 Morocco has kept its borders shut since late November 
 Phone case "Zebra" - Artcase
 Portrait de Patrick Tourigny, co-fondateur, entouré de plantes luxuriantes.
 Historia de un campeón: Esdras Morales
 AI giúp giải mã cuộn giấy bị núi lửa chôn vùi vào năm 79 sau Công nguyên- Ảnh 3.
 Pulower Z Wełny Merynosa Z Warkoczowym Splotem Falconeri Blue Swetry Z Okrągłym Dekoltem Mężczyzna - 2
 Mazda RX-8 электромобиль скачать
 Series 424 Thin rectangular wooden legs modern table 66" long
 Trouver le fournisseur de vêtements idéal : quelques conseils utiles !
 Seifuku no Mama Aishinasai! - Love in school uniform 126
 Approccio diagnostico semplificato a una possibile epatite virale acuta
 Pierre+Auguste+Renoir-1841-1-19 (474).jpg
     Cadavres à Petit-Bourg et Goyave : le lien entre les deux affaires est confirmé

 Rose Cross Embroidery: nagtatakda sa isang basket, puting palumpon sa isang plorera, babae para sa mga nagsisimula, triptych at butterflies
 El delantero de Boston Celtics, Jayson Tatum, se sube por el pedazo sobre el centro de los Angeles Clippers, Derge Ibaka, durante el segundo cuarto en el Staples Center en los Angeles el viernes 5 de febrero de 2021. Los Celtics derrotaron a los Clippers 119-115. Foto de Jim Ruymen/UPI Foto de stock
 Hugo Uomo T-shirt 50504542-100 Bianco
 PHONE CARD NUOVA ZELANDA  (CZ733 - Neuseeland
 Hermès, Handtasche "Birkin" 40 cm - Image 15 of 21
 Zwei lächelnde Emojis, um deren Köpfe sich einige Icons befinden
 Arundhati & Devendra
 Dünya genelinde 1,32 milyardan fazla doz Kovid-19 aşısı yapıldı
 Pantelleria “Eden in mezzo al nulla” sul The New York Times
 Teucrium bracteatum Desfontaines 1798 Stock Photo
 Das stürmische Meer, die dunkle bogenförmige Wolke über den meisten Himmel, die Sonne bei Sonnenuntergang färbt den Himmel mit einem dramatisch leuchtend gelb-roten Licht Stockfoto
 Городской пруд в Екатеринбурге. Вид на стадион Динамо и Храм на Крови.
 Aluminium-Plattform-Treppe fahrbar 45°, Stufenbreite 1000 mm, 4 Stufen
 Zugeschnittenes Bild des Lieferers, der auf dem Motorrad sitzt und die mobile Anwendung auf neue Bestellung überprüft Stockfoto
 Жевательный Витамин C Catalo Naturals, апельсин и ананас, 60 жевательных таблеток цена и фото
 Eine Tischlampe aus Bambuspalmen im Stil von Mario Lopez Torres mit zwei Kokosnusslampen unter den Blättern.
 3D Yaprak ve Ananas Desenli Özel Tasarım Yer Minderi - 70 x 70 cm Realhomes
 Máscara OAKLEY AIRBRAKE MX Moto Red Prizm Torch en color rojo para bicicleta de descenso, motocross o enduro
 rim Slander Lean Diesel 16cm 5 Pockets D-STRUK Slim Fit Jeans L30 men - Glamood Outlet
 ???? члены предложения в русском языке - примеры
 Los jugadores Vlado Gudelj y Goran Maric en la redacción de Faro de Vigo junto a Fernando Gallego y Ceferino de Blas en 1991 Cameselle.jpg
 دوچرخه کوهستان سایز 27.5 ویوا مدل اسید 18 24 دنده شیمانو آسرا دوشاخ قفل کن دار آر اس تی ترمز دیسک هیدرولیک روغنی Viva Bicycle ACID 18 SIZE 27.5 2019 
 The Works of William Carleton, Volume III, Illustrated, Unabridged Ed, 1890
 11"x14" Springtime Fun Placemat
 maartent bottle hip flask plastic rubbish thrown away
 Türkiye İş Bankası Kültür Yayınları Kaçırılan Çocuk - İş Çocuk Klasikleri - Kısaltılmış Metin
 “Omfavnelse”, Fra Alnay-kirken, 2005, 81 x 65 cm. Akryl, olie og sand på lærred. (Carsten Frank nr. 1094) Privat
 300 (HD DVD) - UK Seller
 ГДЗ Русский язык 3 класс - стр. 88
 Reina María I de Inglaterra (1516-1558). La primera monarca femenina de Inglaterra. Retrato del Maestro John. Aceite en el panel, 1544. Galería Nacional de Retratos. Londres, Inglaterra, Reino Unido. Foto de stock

REQUIRED WORK:
An exact, complete copy of the lines above from the one with "Pierre+Auguste+Renoir-1841-1-19 (474).jpg" through the one with "Arundhati & Devendra" is the whole answer.

YOUR RESPONSE:
 Pierre+Auguste+Renoir-1841-1-19 (474).jpg
     Cadavres à Petit-Bourg et Goyave : le lien entre les deux affaires est confirmé

 Rose Cross Embroidery: nagtatakda sa isang basket, puting palumpon sa isang plorera, babae para sa mga nagsisimula, triptych at butterflies
 El delantero de Boston Celtics, Jayson Tatum, se sube por el pedazo sobre el centro de los Angeles Clippers, Derge Ibaka, durante el segundo cuarto en el Staples Center en los Angeles el viernes 5 de febrero de 2021. Los Celtics derrotaron a los Clippers 119-115. Foto de Jim Ruymen/UPI Foto de stock
 Hugo Uomo T-shirt 50504542-100 Bianco
 PHONE CARD NUOVA ZELANDA  (CZ733 - Neuseeland
 Hermès, Handtasche "Birkin" 40 cm - Image 15 of 21
 Zwei lächelnde Emojis, um deren Köpfe sich einige Icons befinden
 Arundhati & Devendra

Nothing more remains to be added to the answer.